Bertholet’s Pipit on Gran Canaria
Clear skies, winding roads, sea spray; what’s not to like? We’re driving on the GC-200 through Parque Natural Tamadaba on Gran Canaria. It’s a road which is regularly in lists of the greatest roads on Earth. It looks astonishing, although you can see far less of it when you’re driving around all those cliff-top hairpin bends.
Having said how beautiful it is, if they tried to build it now it would be such a feat of environmental vandalism. We stop to admire the view and see tall, spiky cactus-like Euphorbias. These are Euphorbia canariensis and live on the narrow coastal belt. It’s the plant symbol of Gran Canaria.

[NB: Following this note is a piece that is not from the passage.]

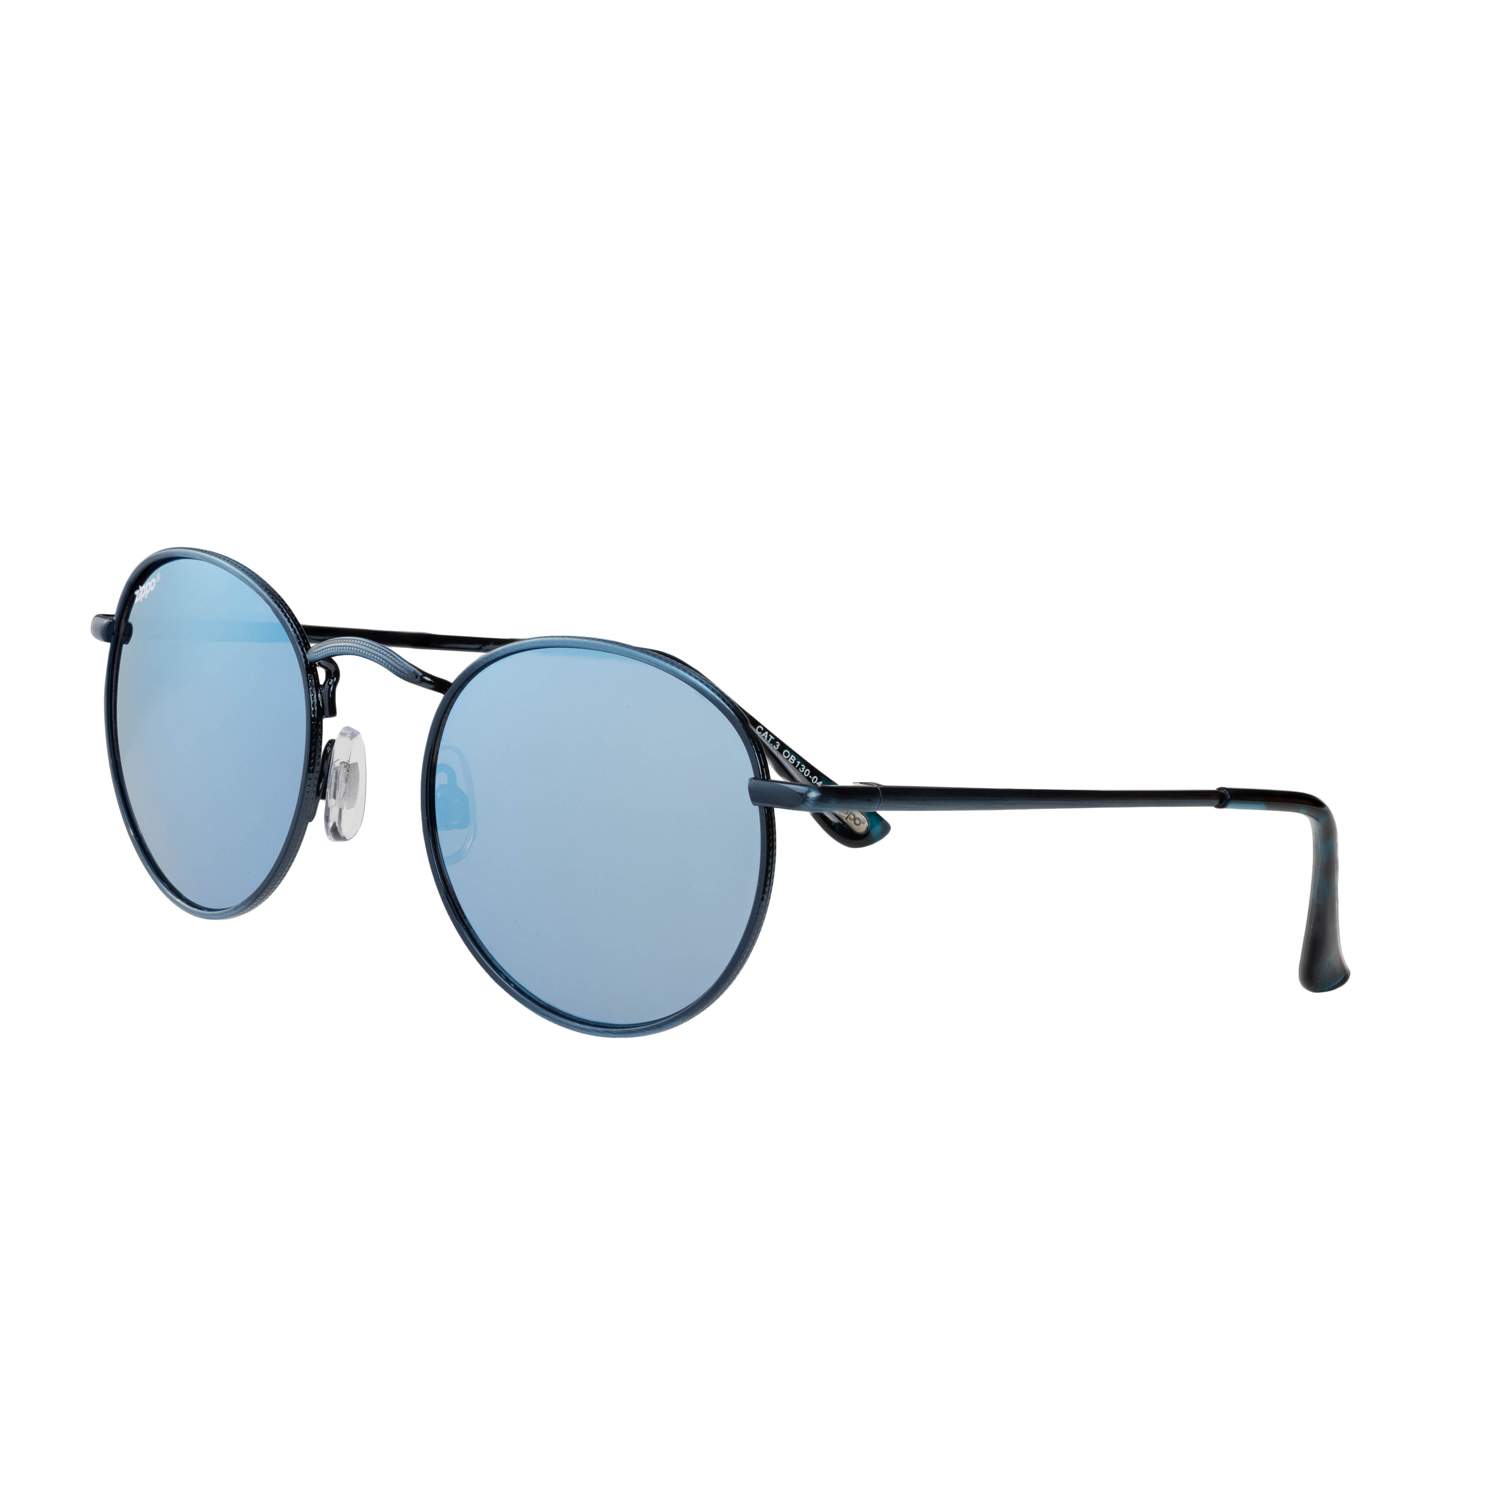 Солнцезащитные очки унисекс Zippo OB130 синие
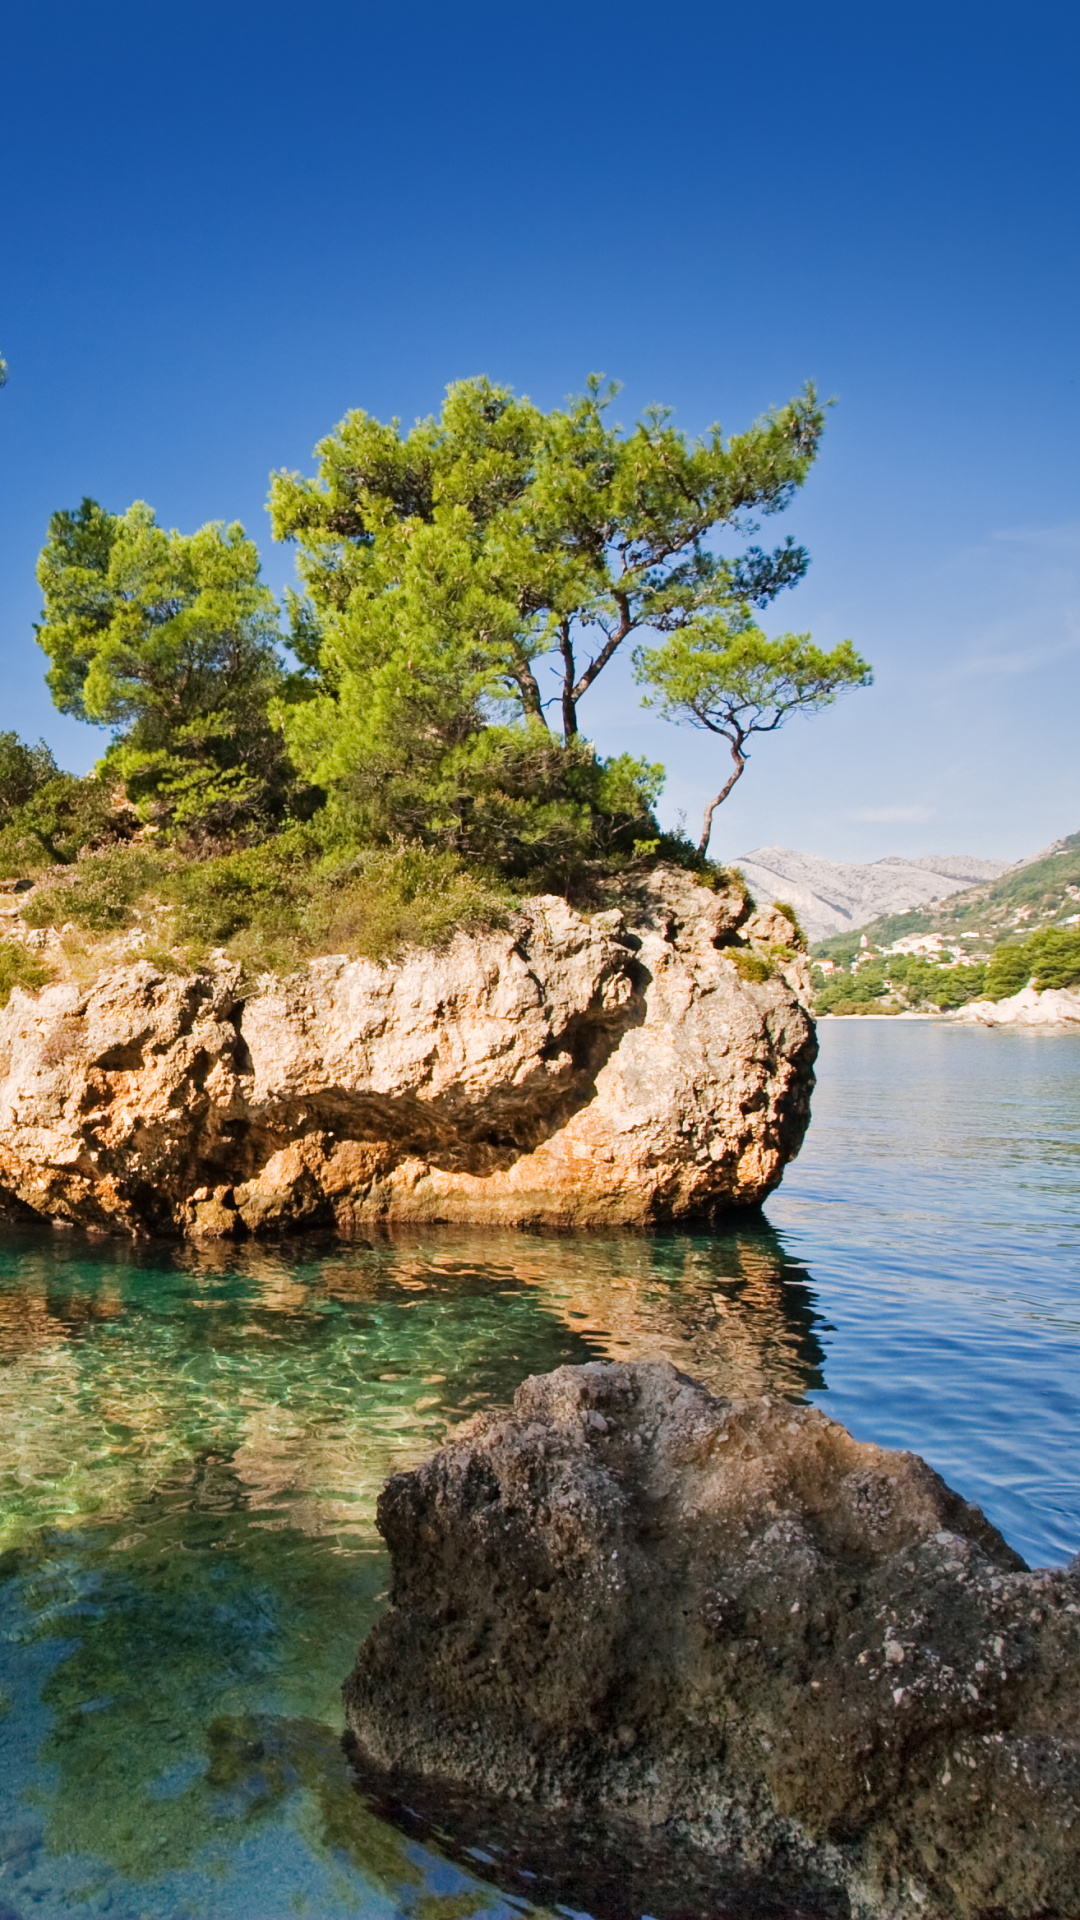 Croatia: Earth Island, The Croatian coast in the Adriatic Sea. 1080x1920 Full HD Wallpaper.

There’s a Pipit calling near the car. It’s just like all the other pipits I’ve seen; brown, speckled, lean, active.
I do I quick search and come back with Berthelot’s Pipit, the endemic species of Gran Canaria. Anthus bertholotii. It’s a relative of the Tawny Pipit, which I’ve never seen. My book says: “Prefers semi-desert stony plains with scattered Euphorbia bushes at low and mid-altitude.” That sounds about right.
Their colonisation of the Canary Islands is quite recent in evolutionary terms: just 2.5 million years ago.
It’s so beautiful I’d love to get some better photographs of it. Maybe in the next couple of days I will.